Peak performance and a positive user experience are the keys to the success of Citrix XenApp and XenDesktop deployments to virtualize your applications and desktops. When application slowness occurs - and users notice - productivity and business revenue can be negatively impacted.
Check out these slides from Bala Vaidhinathan, CTO of eG Innovations, a Citrix-Ready Partner, so you can discover how to address common performance challenges as well as learn some Citrix performance monitoring best practices, including how you can:
• Resolve user complaints at the helpdesk, without escalating issues to Citrix experts
• Troubleshoot and resolve Citrix logon slowness issues quickly
• Find the root-cause of "Citrix is slow" complaints and determine what is causing the problem - i.e., network, VMware, Active Directory, application, Citrix, storage, etc.
• Respond to 'my browser is slow in Citrix' - is it the browser users are accessing or something else?
• Go from reactive to proactive monitoring of your Citrix services and keep users satisfied and productive
H: To better understand how complicated diagnosis and troubleshooting is, we asked our survey takers how often the helpdesk resolves user complaints without involving Citrix experts. 78% of respondents indicate that less than half of the time, the helpdesk is able to resolve user complaints without involving the Citrix expert team.
Doug, what do you typically see?
D: I can confirm that most Citrix related support tickets are escalated to Citrix experts. The more user complaints the helpdesk can resolve without involving Citrix experts, the faster the problem resolution and the lower operations costs (experts can perform more productive tasks than fire-fighting). However, this is not happening today.

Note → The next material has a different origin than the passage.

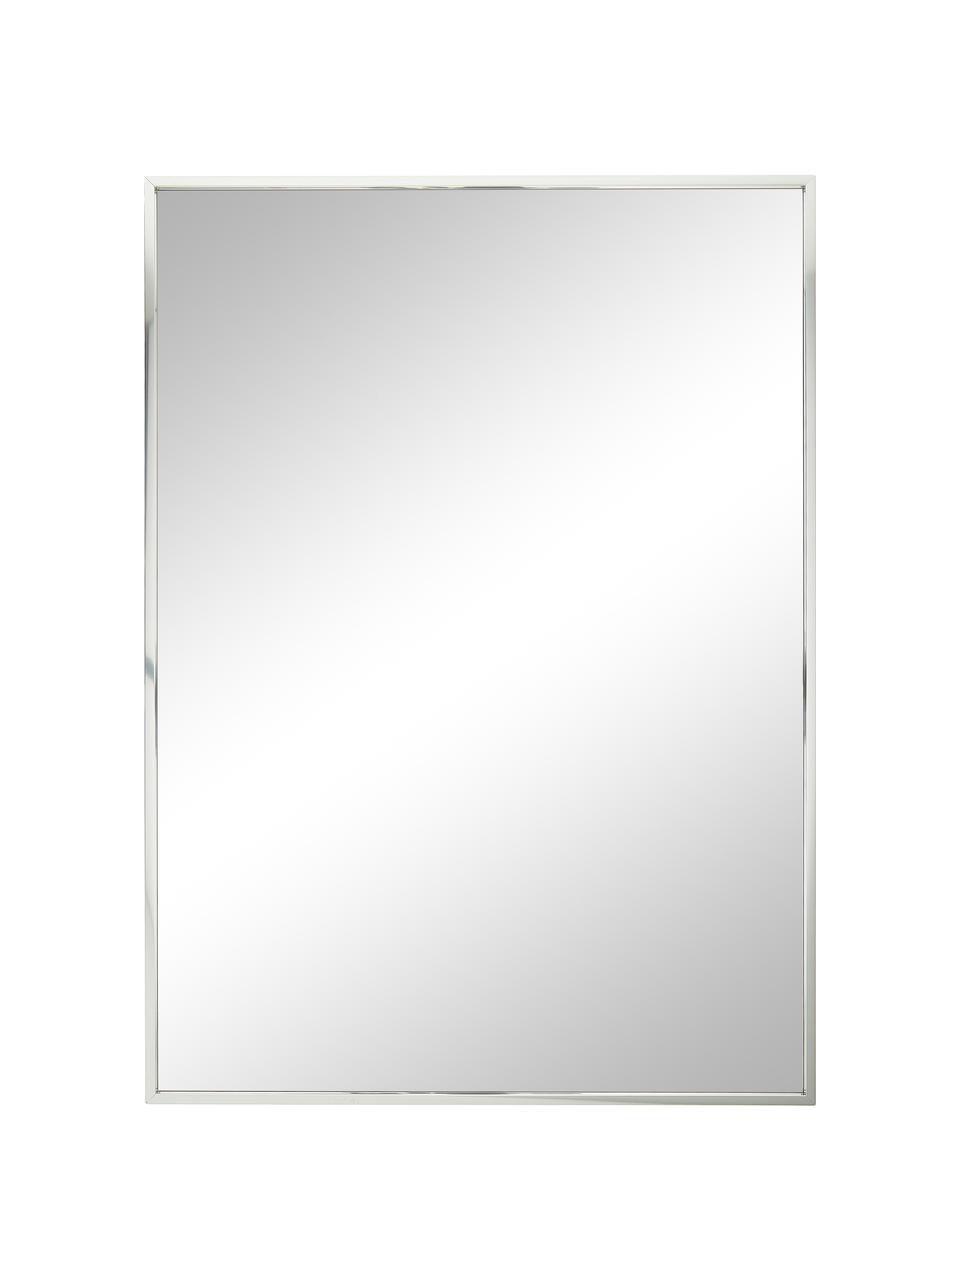 Eckiger Wandspiegel Alpha mit Silberrahmen, Rahmen: Aluminium, Spiegelfläche: Spiegelglas, Aluminium, 50 x 70 cm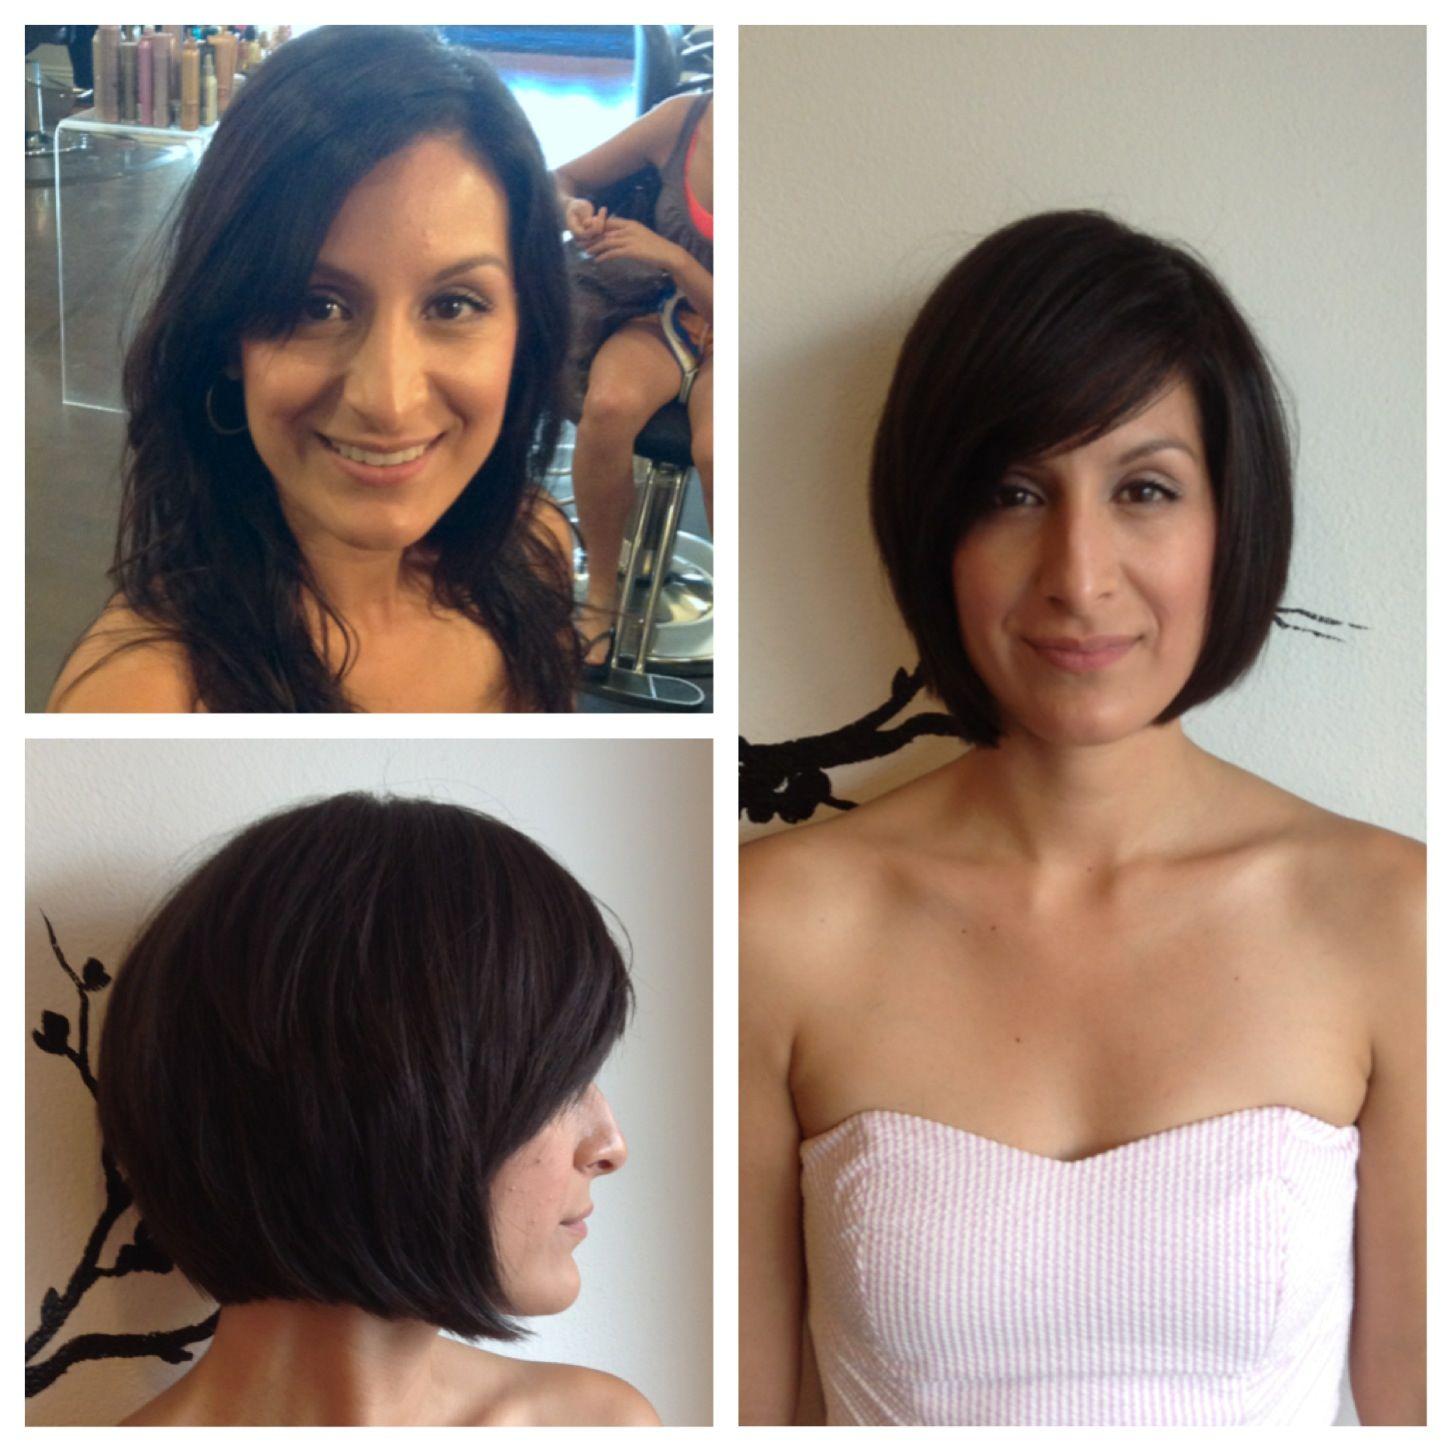 Before and after bob haircut - Before And After Bob Haircut By Us. Pinterest Haircuts, Bobs

S: To add to what Doug mentioned, more often than not, the helpdesk does not play an active role in performance troubleshooting. They often have no visibility into the performance of the different tiers. The performance tools are often in the hands of the specialists – the experts. The result is that the helpdesk often is a pass through – they pass problems to the experts and coordinate bridge calls with the experts of the different domains to get a resolution on what is causing a problem. Based on our experience with some of the largest Citrix deployments in the world, I think there is a significant opportunity for companies to optimize the way that they are doing Citrix performance management today. If you can get the helpdesk to use monitoring tools and do the first level triage quickly and accurately, organizations can reduce the workload on their Citrix experts. Empowering the helpdesk to do more will also help organizations lower their support costs and at the same time fix problems quickly and improve user satisfaction.
H: Part of the complexity in troubleshooting Citrix environments is driven by the sheer number of silo tools available for monitoring and performance diagnosis. We asked our Citrix professionals how many tools they use to manage their Citrix infrastructure.
The answer to this question explains why Citrix admins have to spend so much time troubleshooting issues. 55% of respondents are using two to five management tools to manage Citrix performance. 25% of respondents are even using six to ten tools.
Doug, do you have any comments?
D: I would say larger the organization, more the number of domain experts and each of them has their own tools. Many organizations are still using administration tools supplied by the vendors for each tier. So even if you had the same expert managing the entire environment, there is still one tool for Citrix XenApp, another for
, another for the storage tier, yet another for the network.
S: The use of multiple tools by itself is not a problem – the problem is the amount of time needed to review the metrics from each tool and manually correlate and analyze what the tools are telling you to determine what action to take. This is a very slow, manual process and also one that needs the experts to be involved.